In Revivalistics Zuckermann examines many of those questions to which we seek answers – the whats and the hows and the whys of reverse language shift. Revivalistics is a document of reverse language shift action that will prove to be an important step in our quest for language justice.

Revivalistics can be best interpreted as a literary diptych; the first panel devoted to describing the beginnings and ultimate success of Israeli, the second panel to the application of the lessons learned to revive indigenous and minority languages around the world, with a trove of ideas and insights about how to advance the revival of threatened languages.

The book opens with an analysis of Hebrew reclamation which has led to what Zuckermann calls Israeli. Revivalistics issues a challenge to the Stammbaum model of language evolution, suggesting the Congruence Principle better explains the genesis of reclaimed languages. Pama Language Centre’s Mpakwithi revival project illustrates this point well. Mpakwithi language revival began with a grammar sketch of the Mpakwithi dialect of Anguthimri, a short wordlist recorded by Terry Crowley[ii] in the 1970’s along with recordings of Donald Fletcher, the last fluent speaker of classical Mpakwithi and a number of remembered gospel songs in Mpakwithi from the language custodians’ childhood. The corpus has now been expanded with the development of literature, film, animations, songs and the language itself has been semi-engineered using elements of related languages; Thaynakwith and Angkamuthi chief among them.

Zuckermann draws many analogies with biology. One such insight that we think is useful is that language is more analogous with a species than an organism; whilst a speaker is a discrete, living user of a language, the language itself is the set of tacitly agreed-upon norms that unify a speech community as being ‘unique’ and homologous. And so, the revivalist’s goal should be to revitalise a speech-community, rather than a language.

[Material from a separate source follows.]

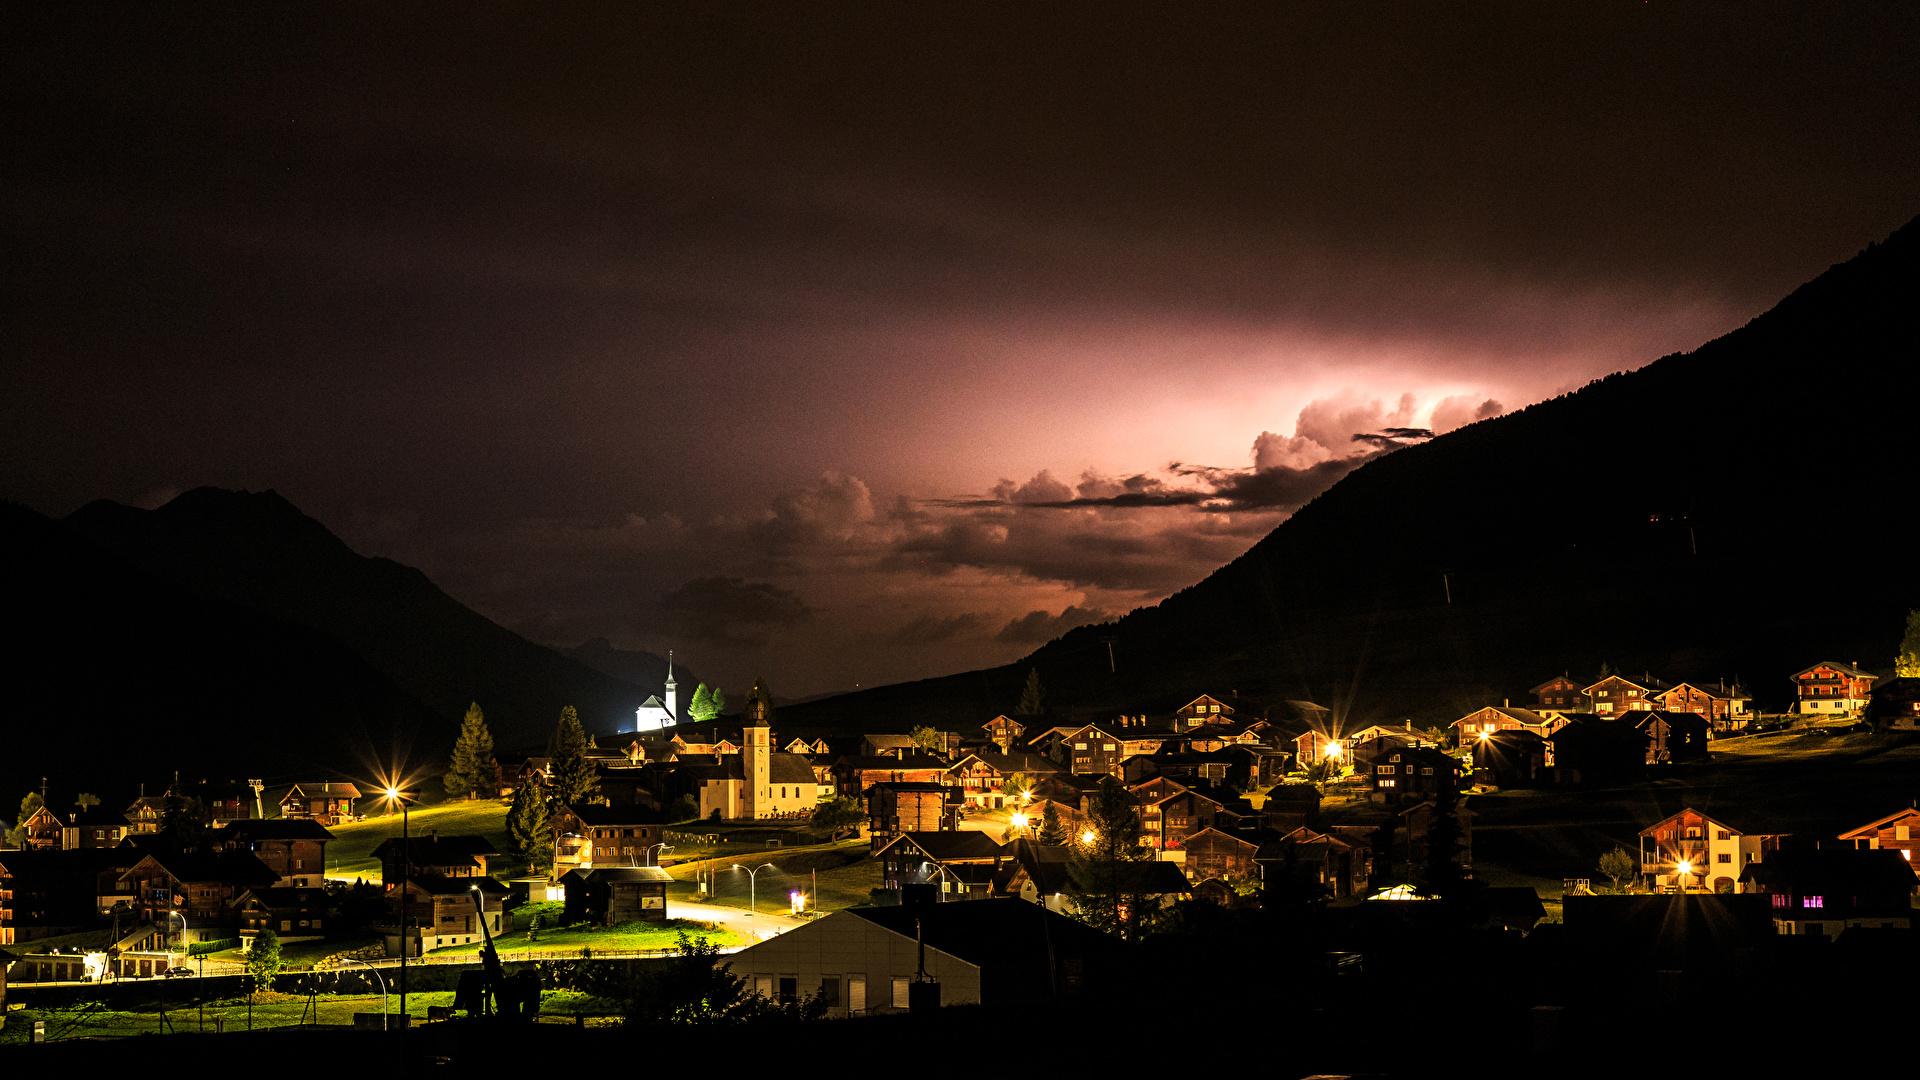 Picture Switzerland Wetterleuchten Gluringen mountain night time Houses Cities 1920x1080 Mountains Night Building

To expand on this idea, Zuckermannn[iii] has elsewhere described what he calls The Revival Paradox thus:

  1. Whereas linguists put the language at the centre, revivalists put the language custodians at the centre
  2. Whereas in documentary linguistics the Indigenous/minority people have the knowledge of the language, in the revivalistic case of reclamation, the revivalist is the one with that knowledge.

Just to clear the decks: based on successful revitalisations such as Israeli Hebrew and Hawaiian, Zuckermannn makes it clear that a revived language is not going to be the same as the pre-shift form of the language. Because “shift happens’, ‘and this is ok.

We are not failing if – after months or years or even decades of language revitalisation toil – our speech communities are not speaking “the classical” forms of their languages. Language revival is – and probably needs to be – an endless quest. Language vitality also means different things to different people at different times and success is relative.

Reward for effort – return on investment – is critically important to maintaining momentum and enthusiasm in the difficult work of reviving a sleeping language or revitalising a fragile language.

The Pareto Principle is a tool from economic theory that we can apply to language revival action to inform maximisation of the reward effort ratio.

In Revivalistics Zuckermann introduces a generalised cline of revivablity in which elements of a ‘sleeping beauty’ language lie on a gradient of revivability: from the least revivable features – spirit/mindset, discourse, phonology, phonetics, semantics, morphology, syntax, to the most revivable feature, lexis.  Whilst most of these terms are well-known to linguists, “spirit/mindset” might be less familiar as a linguistic concept. Pama Language Centre proposes we use the term, “folklynne” popularized by Swedish statistician Gustav Sundbärg in 1911[iv], meaning the “people’s temperament”. Zuckermann’s Gradient of Revivability, in assigning comparative difficulty to various aspects of the revival process, provides a tool to which we can refer when calculating reward/effort matrices in the awakening of Sleeping Beauties.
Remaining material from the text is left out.